Évoquant ensuite la question du
"suivi psychiatrique"
de l’auteur de cette attaque qui a fait un mort et deux blessés, il assure que le ministre de la Santé a décidé
"de mettre dans tous les groupements autour des Préfets, des psychiatres et des médecins qui aident la DGSI (Direction générale de la sécurité intérieure)".

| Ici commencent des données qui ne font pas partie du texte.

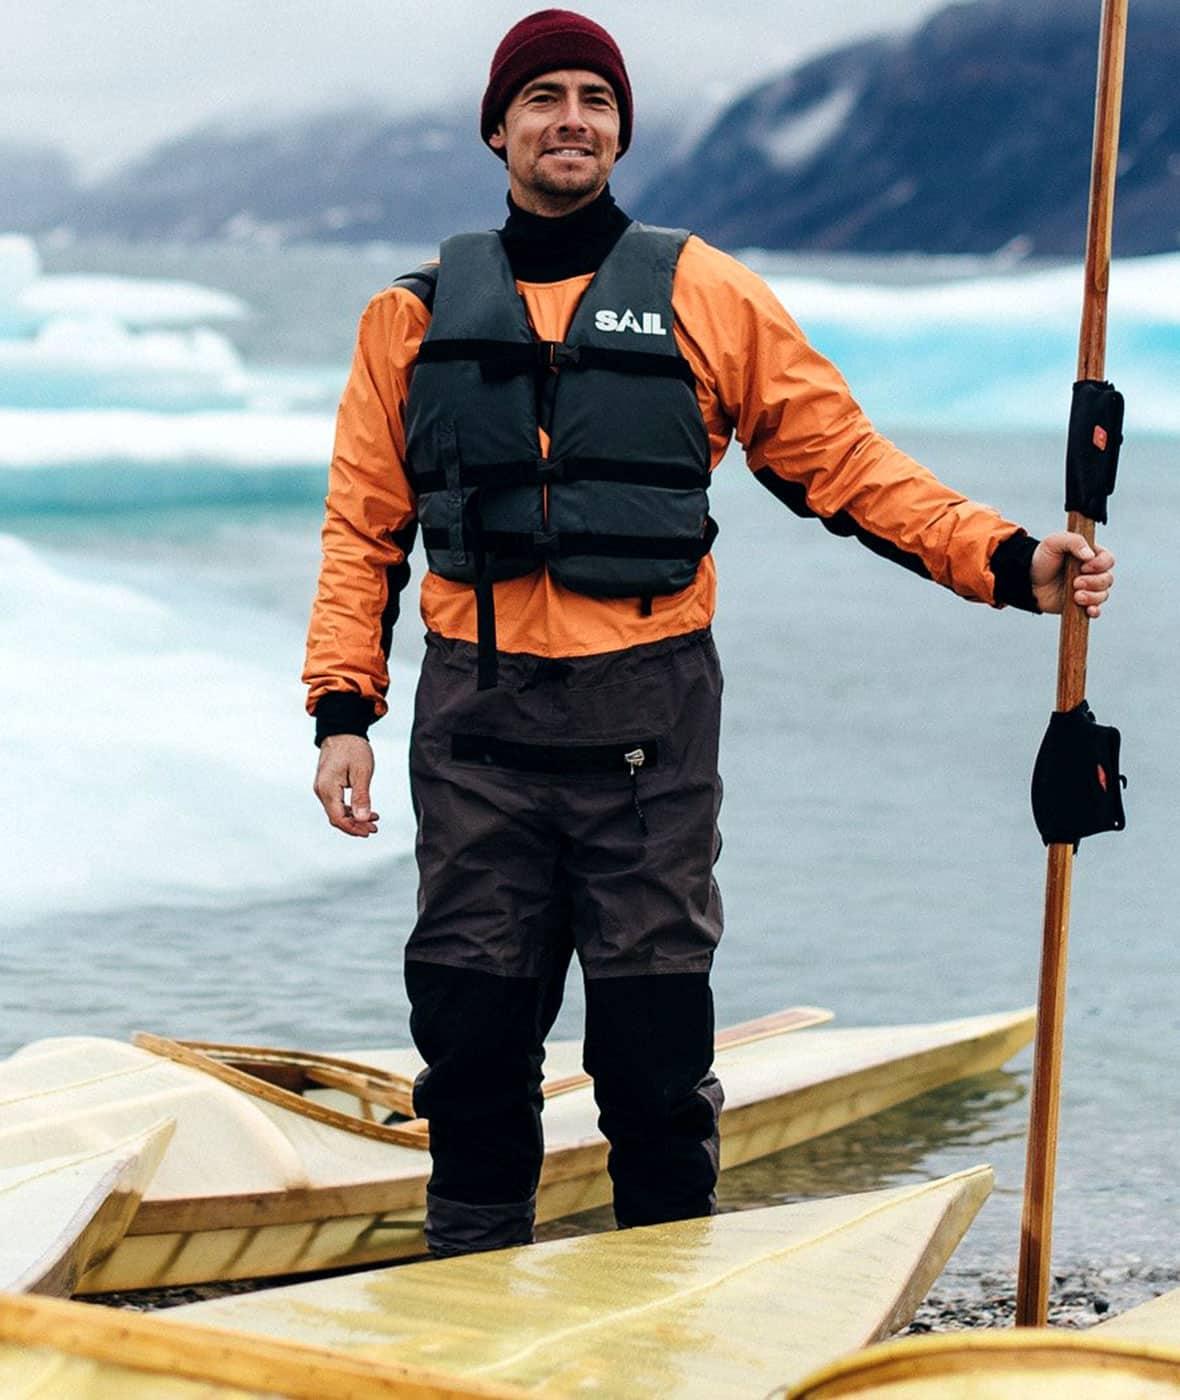 The kayak is the classroom — the polar circle is the teacher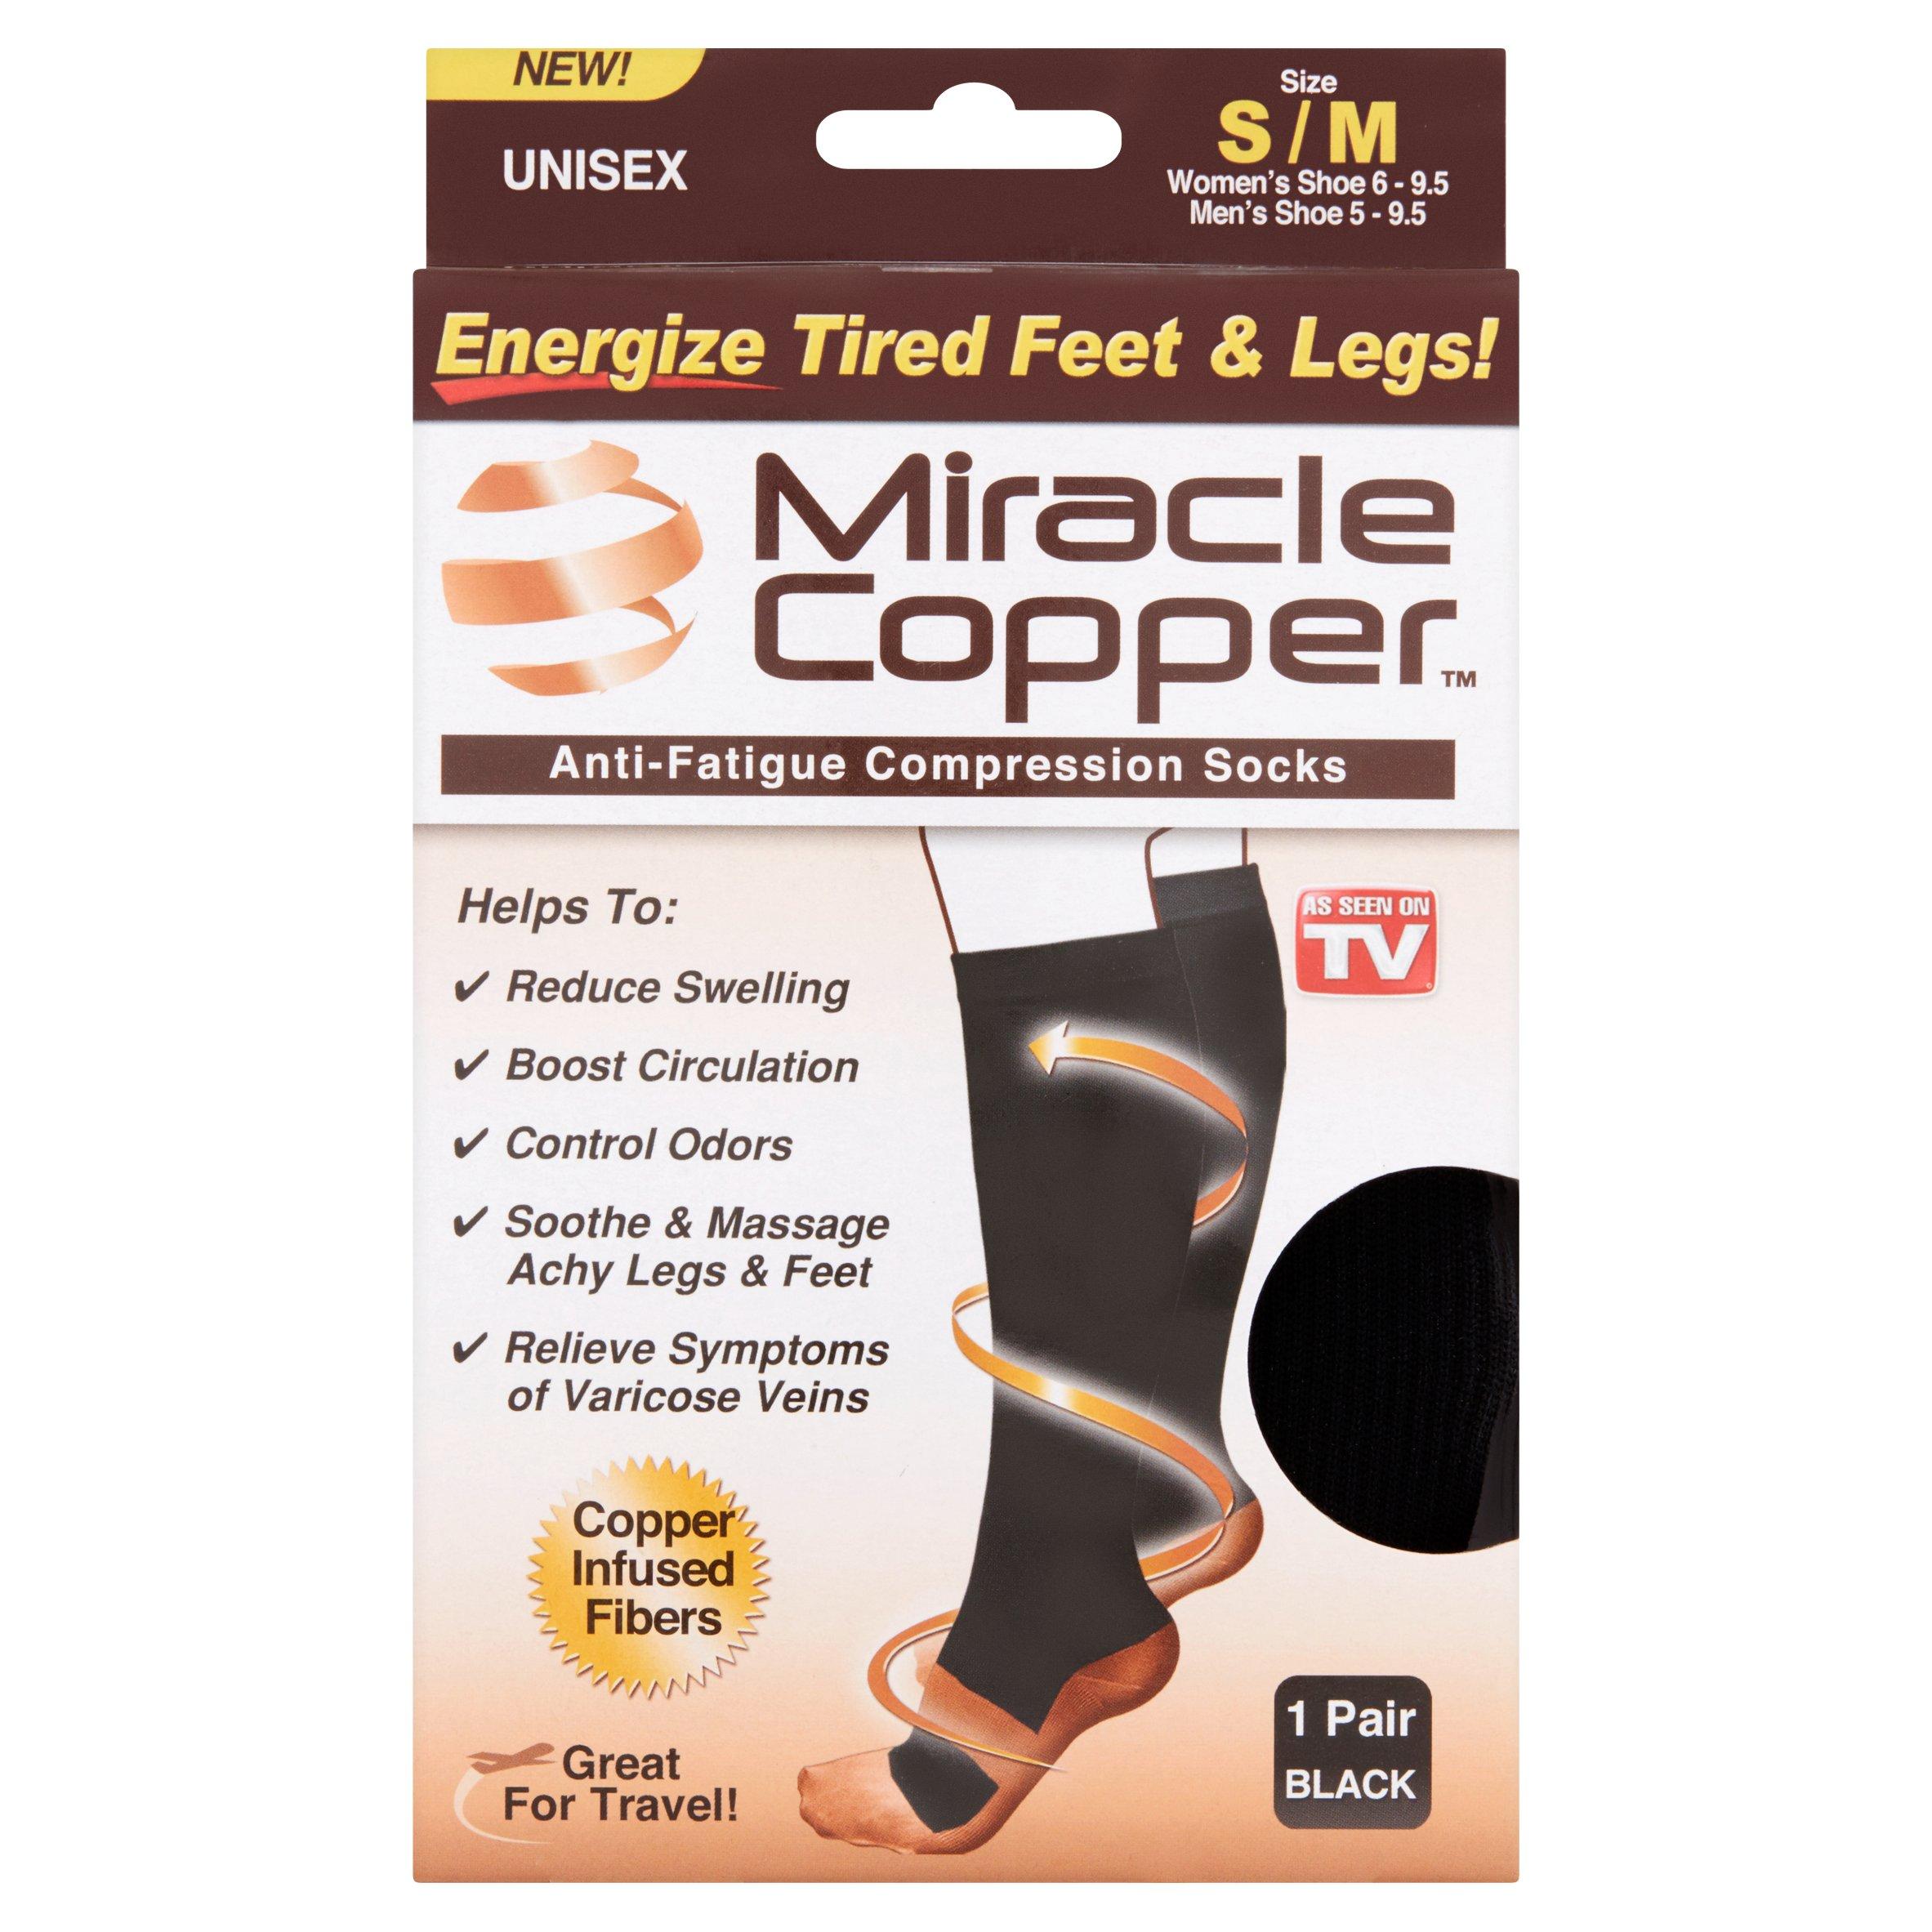 Miracle Copper Unisex Anti-Fatigue Compression Socks, S/M

Gérald Darmanin affirme, par ailleurs, qu’aucune
"question n’est taboue pour la sécurité"
des Français et
"que la menace islamiste touche partout dans le monde (…) sur tous les territoires européens, occidentaux et internationaux".

Il en a profité pour viser le groupe RN (Rassemblement national), qui n’a pas voté la loi dite contre le séparatisme adoptée en 2021. Et de lancer:


Quand je vois que des gens nous combattent sur ce point et ne votent pas la loi séparatisme, je me dis que des gens cherchent à nous diviser et plutôt à gagner des élections qu’à faire gagner la France.

Interpellée dans les mêmes conditions par le député de droite Olivier Marleix, la Première ministre Élisabeth Borne a quant à elle reconnu ne pas se
"satisfaire que cette personne qui a fait l'objet d'un suivi judiciaire, d'un suivi administratif, qui était suivie par nos services de renseignement (...) soit passée à l'acte"
.

Elle a, néanmoins, souligné que cet attentat n’était pas en lien avec la politique migratoire de la France puisque l'auteur de l'attaque de Paris
"était Français".

Au cours de sa prise de parole, la députée RN, Marine Le Pen, a enfoncé le clou, accusant à demi-mot le gouvernement d’un certain laxisme en matière de lutte antiterroriste.


"À chaque attaque, les mêmes questions: on découvre un auteur connu, repéré, surveillé, et les Français déplorent que rien n'a été fait pour le neutraliser"
, a-t-elle relaté avant d’être taclée par la cheffe du gouvernement qui l’a accusée de se précipiter
"dans le seul but de polémiquer".

Pour rappel, samedi soir, peu après 21h (heure locale), l’auteur de l’attaque, Armand Rajabpour-Miyandoab, a agressé au couteau un touriste germano-philippin qui a succombé à ses blessures, avant de s’en prendre à ses autres victimes à coups de marteau, aux abords du Quai de Grenelle, situé dans le XVe arrondissement de la capitale française, non loin de la Tour Eiffel.


Il a ensuite été interpellé grâce à l’intervention rapide des forces de l’ordre qui ont fait usage d’un Taser pour l’appréhender.